There are several different types of staging systems, so it's important to ask your doctor to explain carefully what stage your cancer is in and what that means.


Initial Treatment

You and your doctor will work together to decide what your treatment should be. You will consider your own preferences and your general health, but the stage of your cancer is the most important tool for choosing your treatment.

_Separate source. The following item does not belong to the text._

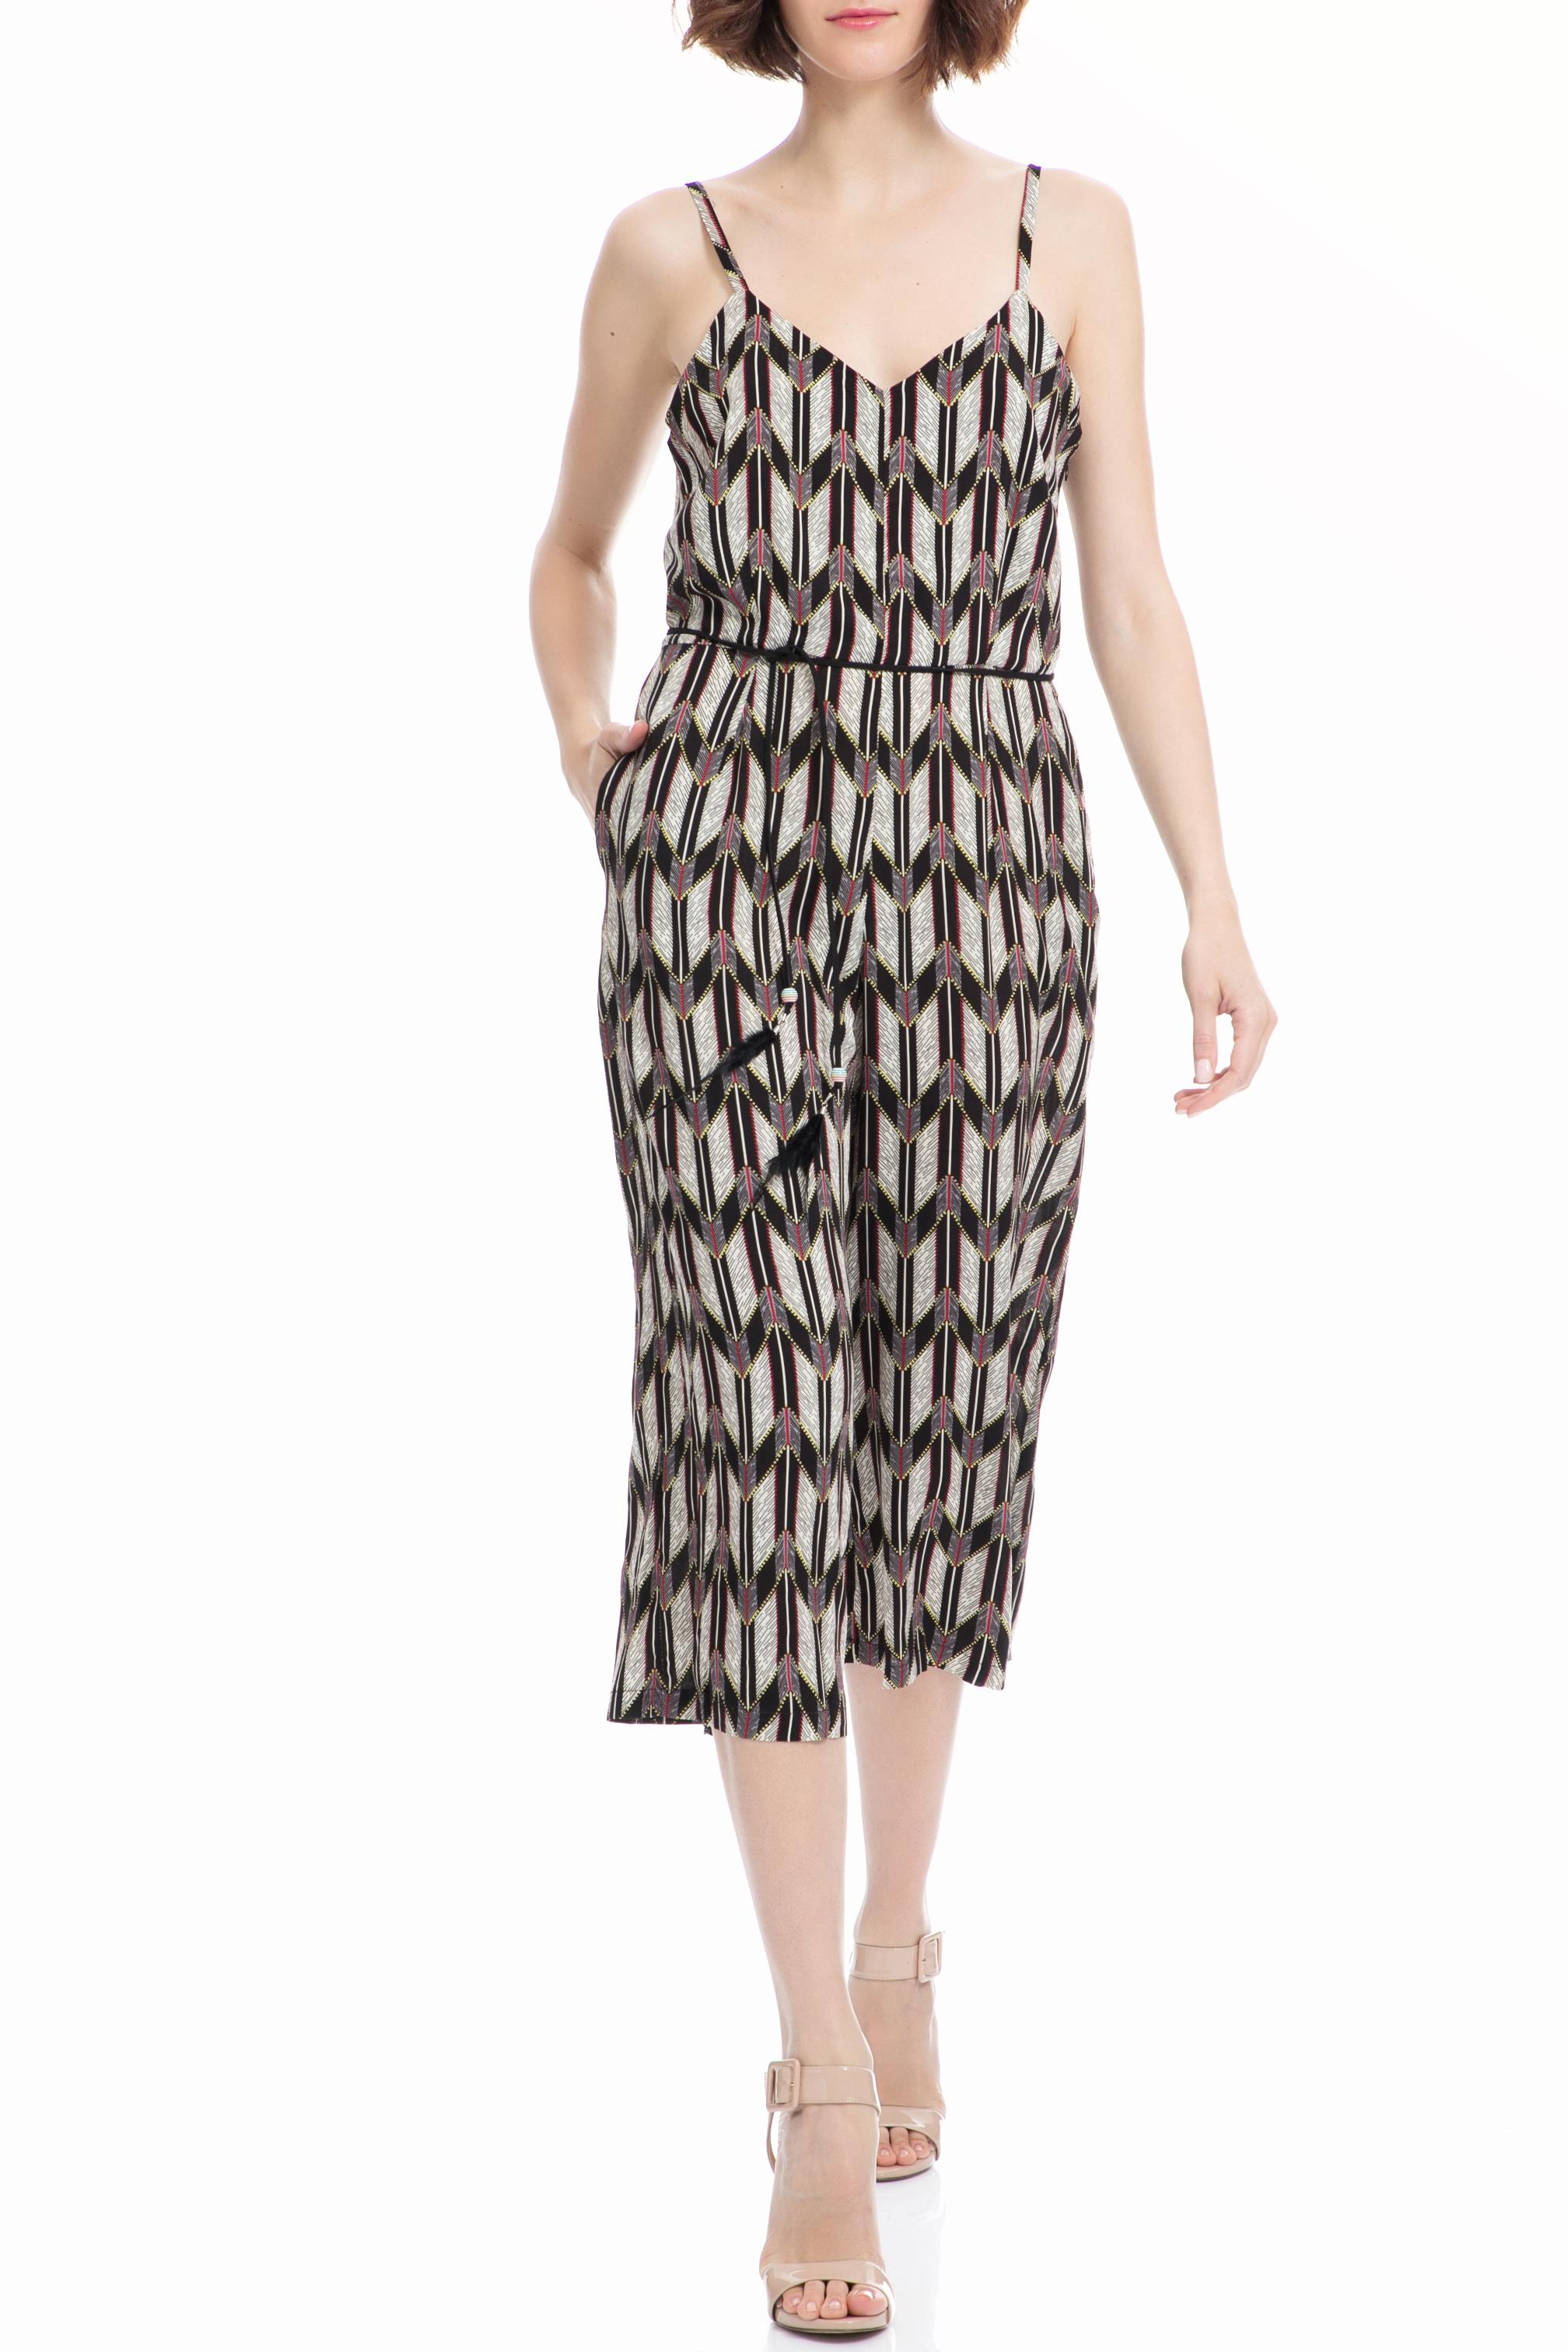 MOLLY BRACKEN – Ολόσωμη φόρμα MOLLY BRACKEN μαύρη-εκρού
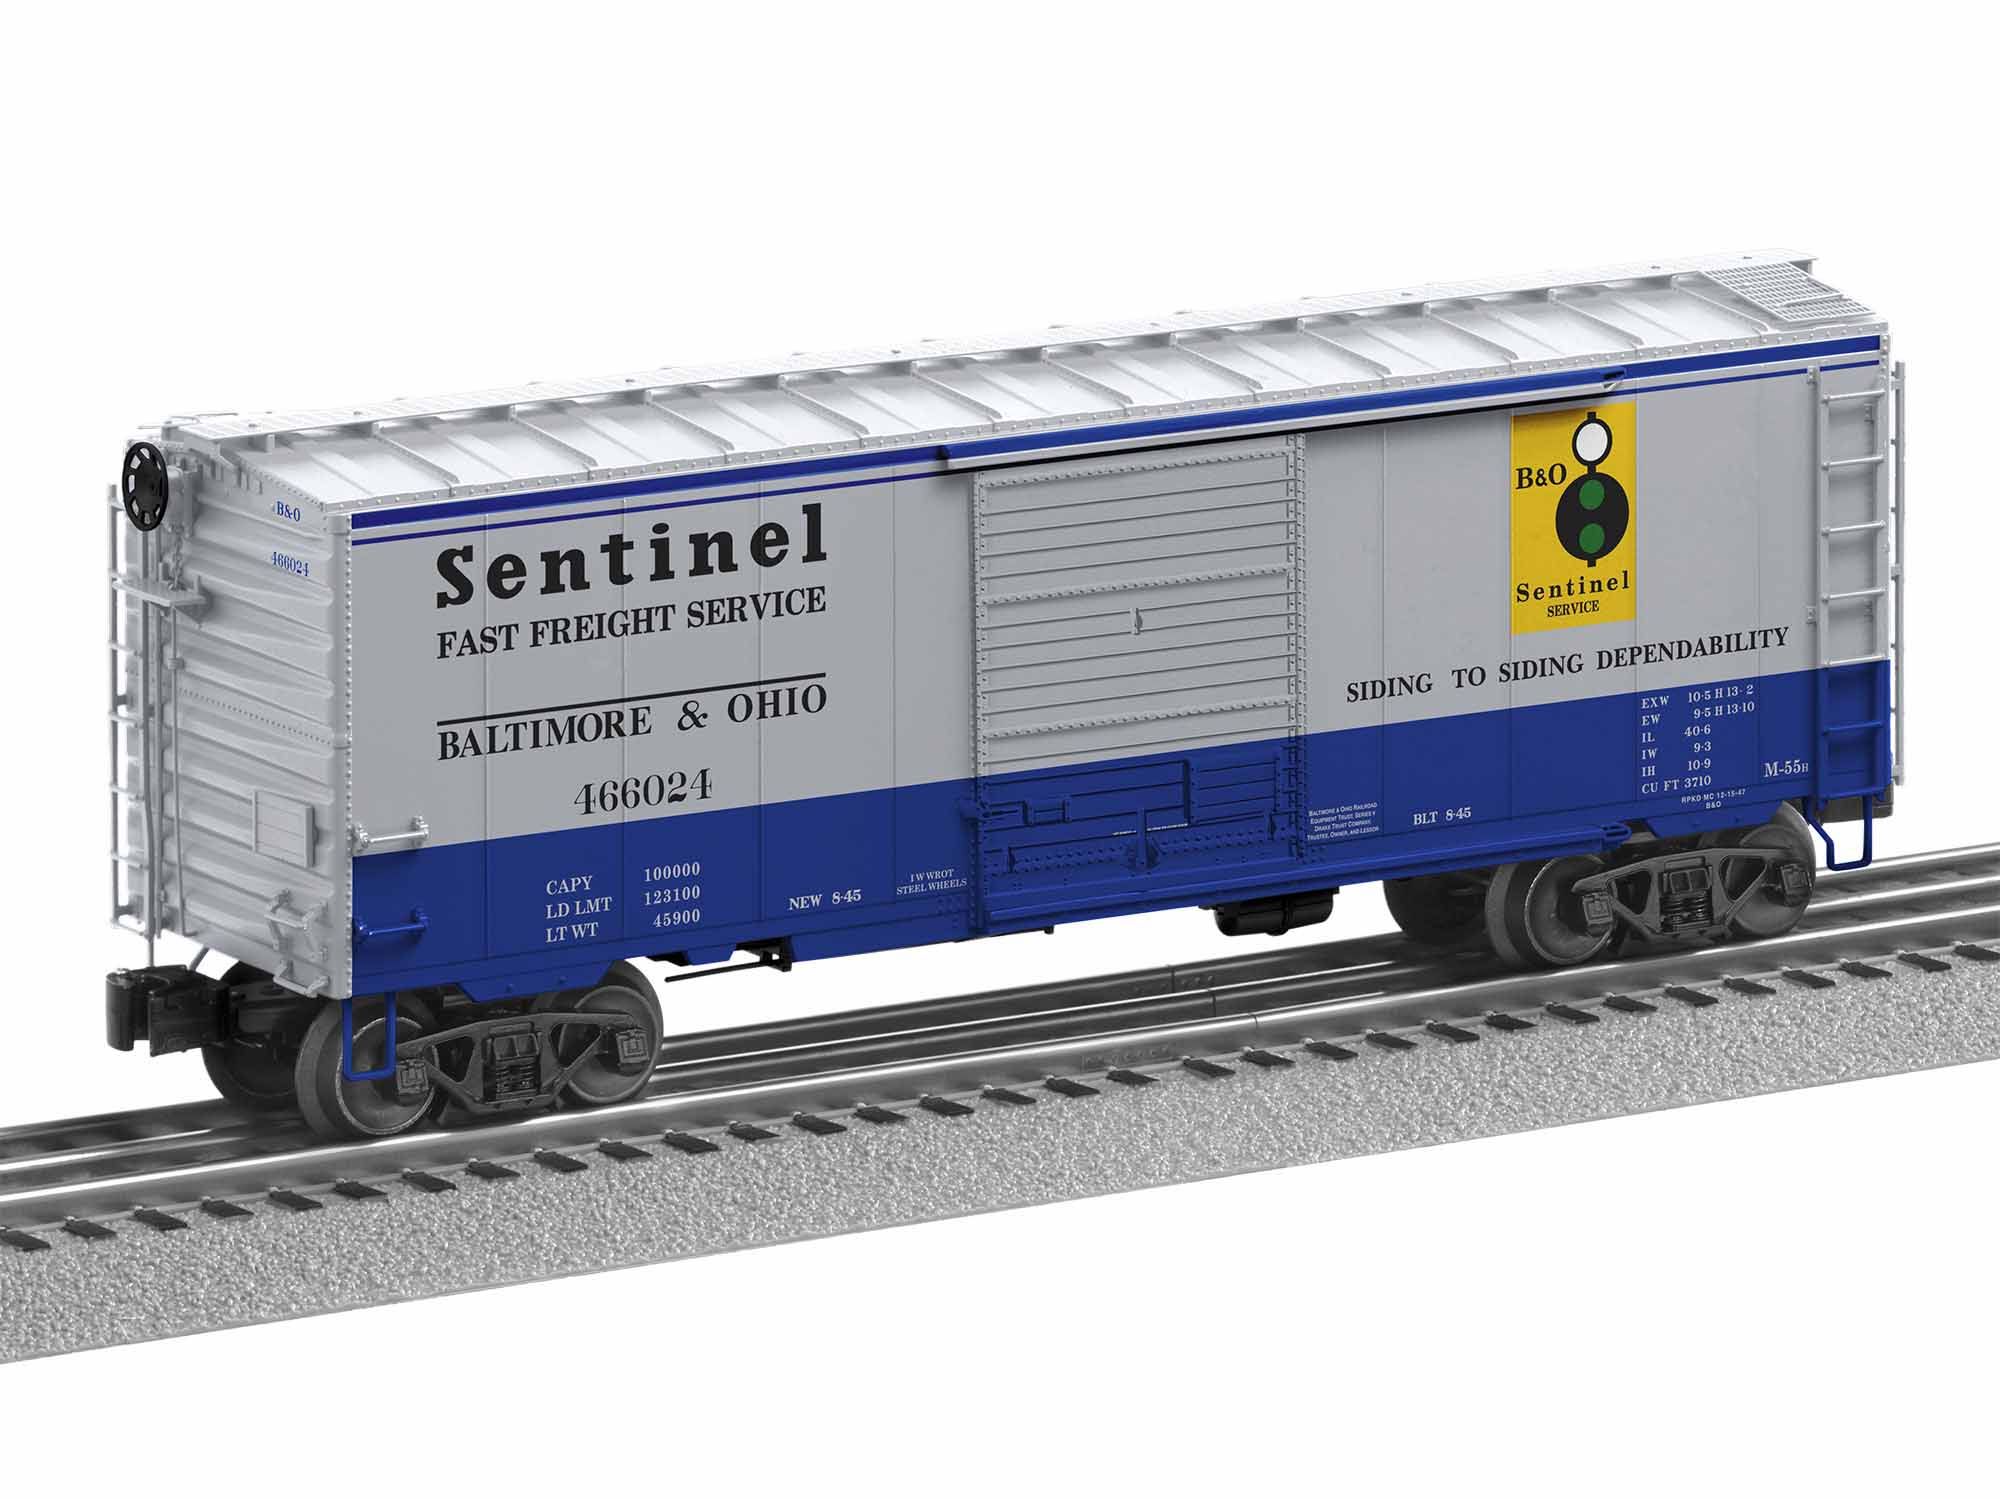 LNL1926620 Lionel O PS-1 Box w/Freight Sound, B&O Sentinel #466024

Surgery is almost always used to remove colorectal cancer. Your doctor may use one of the following types of surgery:

  • Local incision: When the cancer is still just in a polyp, it will be removed during colonoscopy or sigmoidoscopy.
  • Resection: If your cancer is larger, your doctor will remove the cancer and a small amount of healthy tissue. The healthy ends of the colon or rectum are then sewn back together. During this operation, your doctor will also remove some of your lymph nodes for testing.
  • Resection and colostomy: Sometimes it isn't possible to rejoin the ends of the colon or rectum after the cancer is removed. Your doctor will do a colostomy and make an opening on the outside of your abdomen where waste can pass through into a colostomy bag. The colostomy may be temporary until your colon heals. Or it may be permanent if the entire lower colon or rectum was removed.
  • Laparoscopic surgery: Sometimes it is possible to have this surgery done to remove the cancer. Very small incisions are made in the belly. A tiny camera and special instruments are used to remove the cancer. For the best results, it is important to have an experienced surgeon and to have this surgery at a hospital where many of these surgeries are done.

Even after removing all the cancer that can be found with surgery, your doctor may say you need other treatment. This may be chemotherapy, radiation or both (chemoradiation).


Chemotherapy uses medicines — given either as pills or through a needle — to destroy cancer cells throughout the body. Several medicines are often used together. Research studies continue to look for the best combinations of medicines. Your doctor will recommend treatment based on the type and stage of cancer that you have.


Radiation therapy, which uses X-rays to destroy cancer cells, is standard treatment for some types of cancer in the rectum. Radiation therapy is often combined with surgery or chemotherapy. Radiation may be given from a machine outside the body that targets the cancer (external radiation). Or it may be given inside the body, with radiation sealed in seeds or wires (internal radiation).

Supportive and Integrative Therapies

In addition to the therapies described above, we offer complementary therapies such as nutritional therapy, physical therapy, yoga, massage and emotional counseling. Many of these therapies are remarkably effective in addressing the side effects of chemotherapy, surgery and radiation by easing tension, reducing pain and improving quality of life.